Я обхватываю экран пальцами.
Эмма: Я видела шрам. У края твоего рукава. Твой отец?
Рев: Да.
Молния сверкает в небе, а затем раздается громкий раскат грома. У меня
перехватывает дыхание и я вздрагиваю. Текси взвизгивает и заползает под скамейку. Свет
отражается от дождя, запирая нас в этом пространстве.

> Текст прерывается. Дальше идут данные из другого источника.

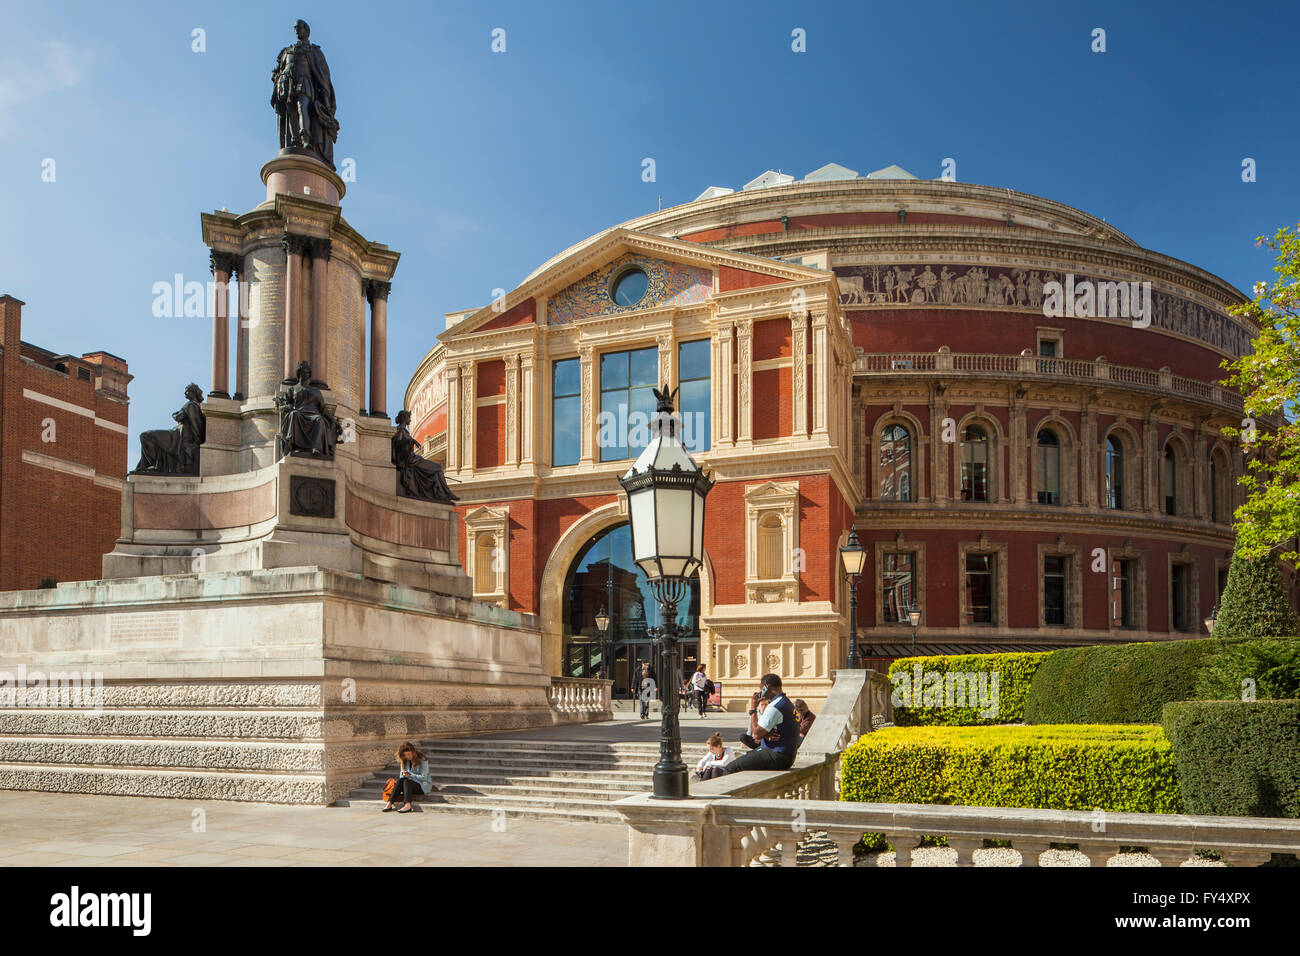 Royal Albert Hall in Kensington, London, England. Stock Photo

Рев поворачивает голову, и я вижу краешек его профиля.
– Ты в порядке?
Я коротко смеюсь, но ничего смешного в этом нет.
– Просто не люблю грозу. А ты в порядке?
– Нет. – Его ладонь касается моей там, где она свисает со скамьи. Искры бегут
вверх по моей руке, и мне приходится напомнить своему сердцу, что это просто случайное
движение.
Но затем его ладонь накрывает мою. Я замираю.
– Так нормально? – шепчет он.
Это прозвучало бы так слащаво и невероятно, попытайся я позже объяснить этот
момент. Эта гроза, эта скамейка, эта темнота. Но его дыхание прерывистое, движения
неуверенные и, кажется, для него этот момент так же важен, как и для меня.
– Да, – говорю я. – Хочешь, чтобы я отпустила, чтобы ты мог печатать?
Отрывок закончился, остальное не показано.